_Task prompt_. What the task requires is an exact printout of the listing below, pictures excluded.

_Given material_.
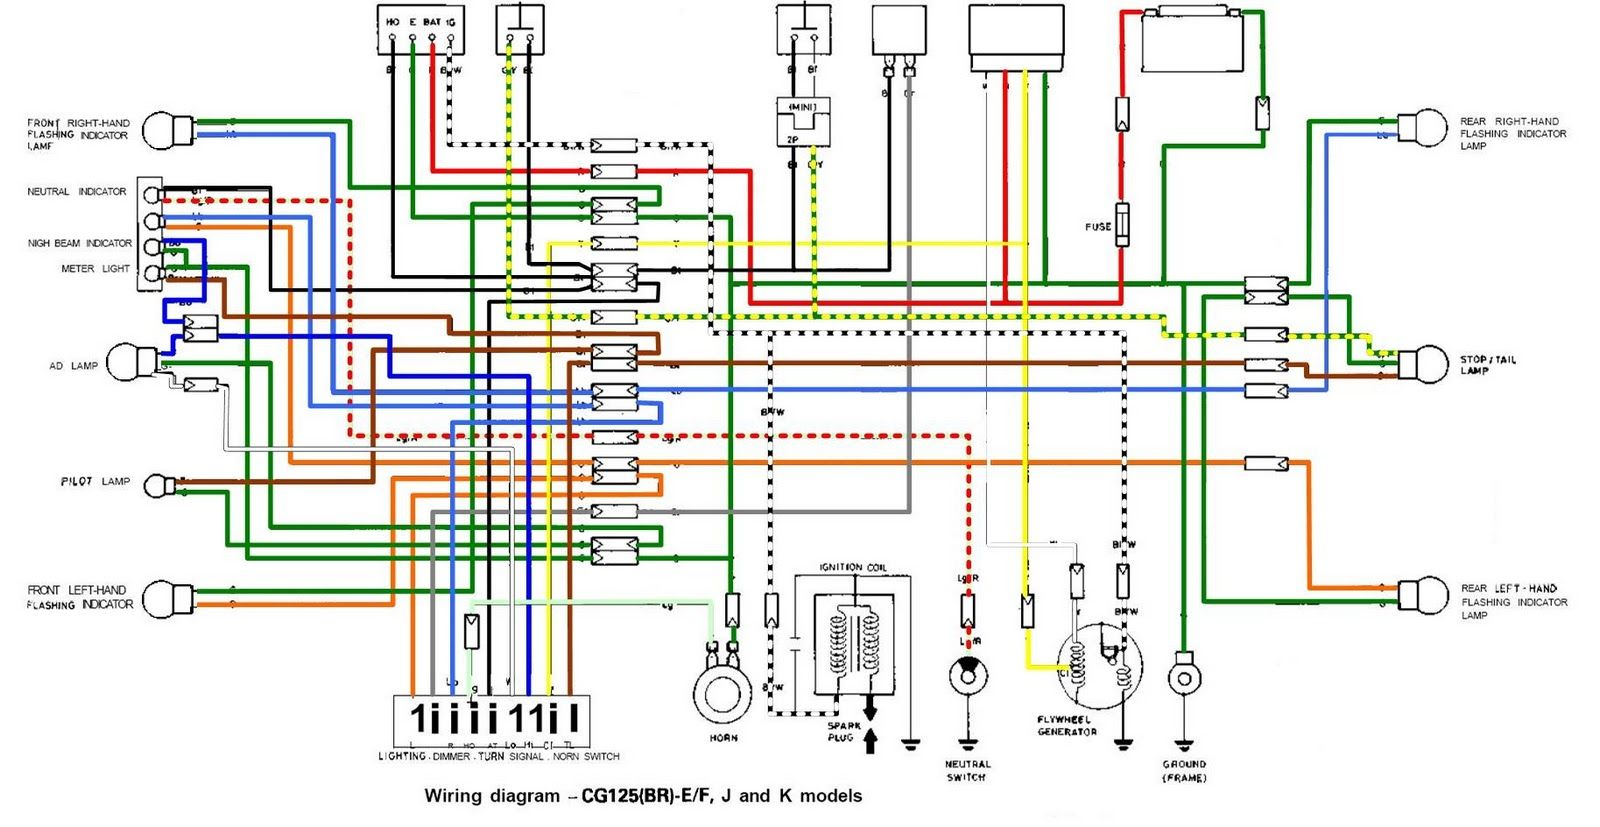 Pin by peter on cafe racer wire elcto | Honda cg125, Diagram, Honda motorcycles
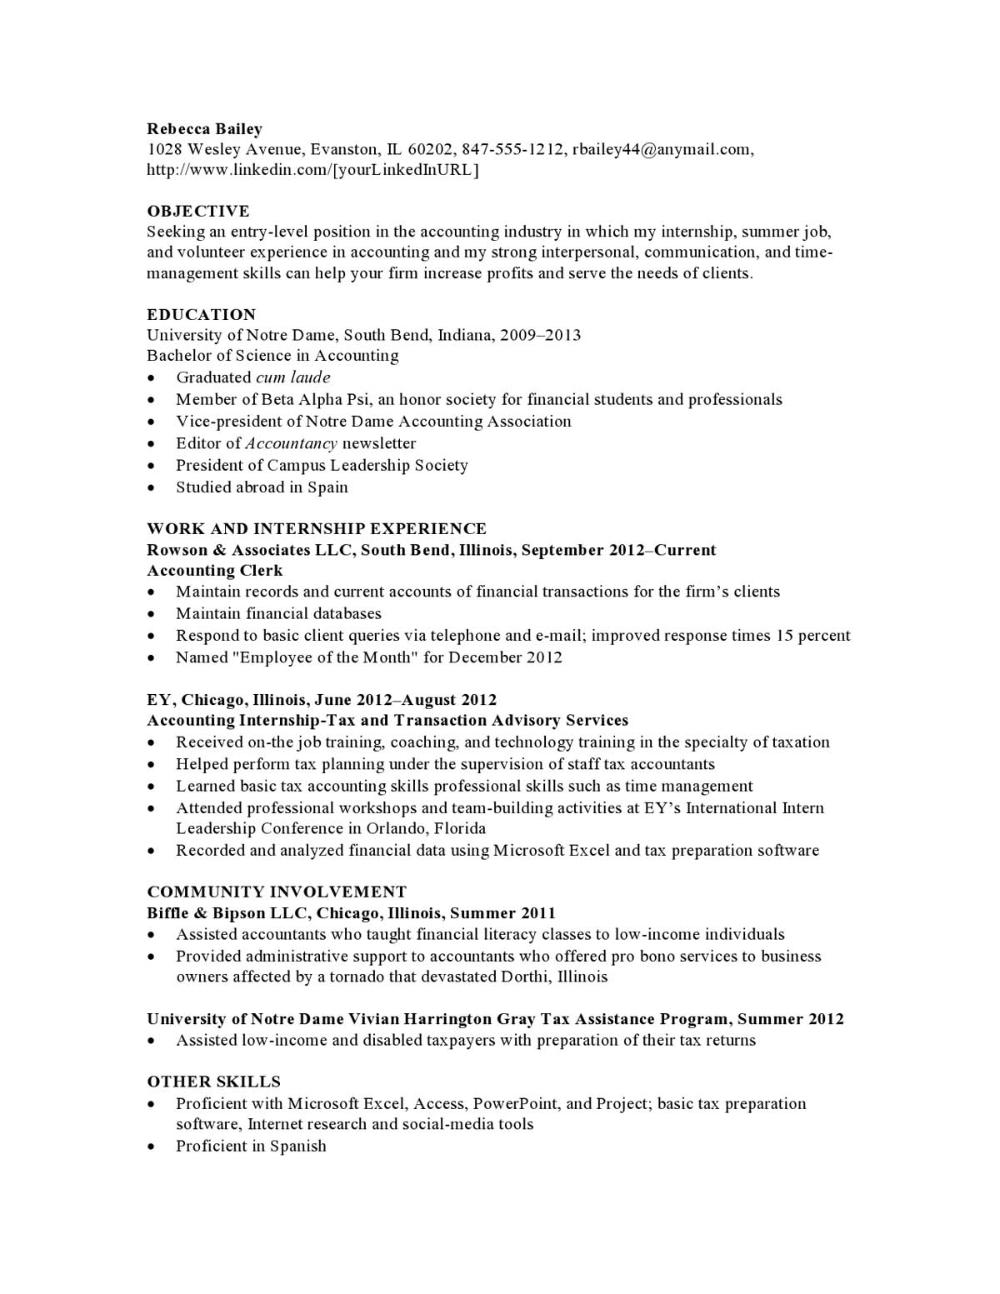 Resume Templates Social Work 3 Professional Templates
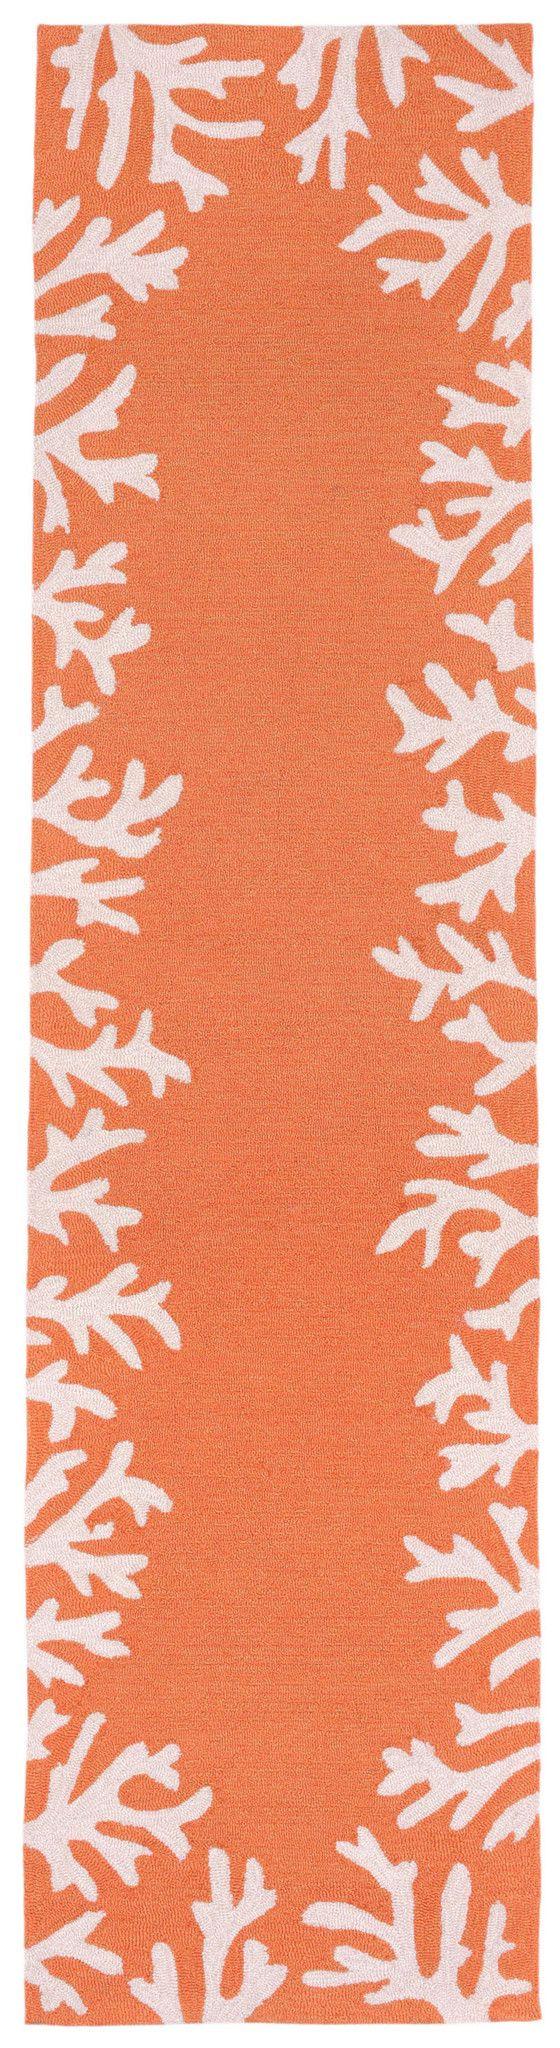 best  coral rug ideas on pinterest  coastal inspired rugs  - capri  coral border coral rug

_Result_.
 Pin by peter on cafe racer wire elcto | Honda cg125, Diagram, Honda motorcycles
 Resume Templates Social Work 3 Professional Templates
 best  coral rug ideas on pinterest  coastal inspired rugs  - capri  coral border coral rug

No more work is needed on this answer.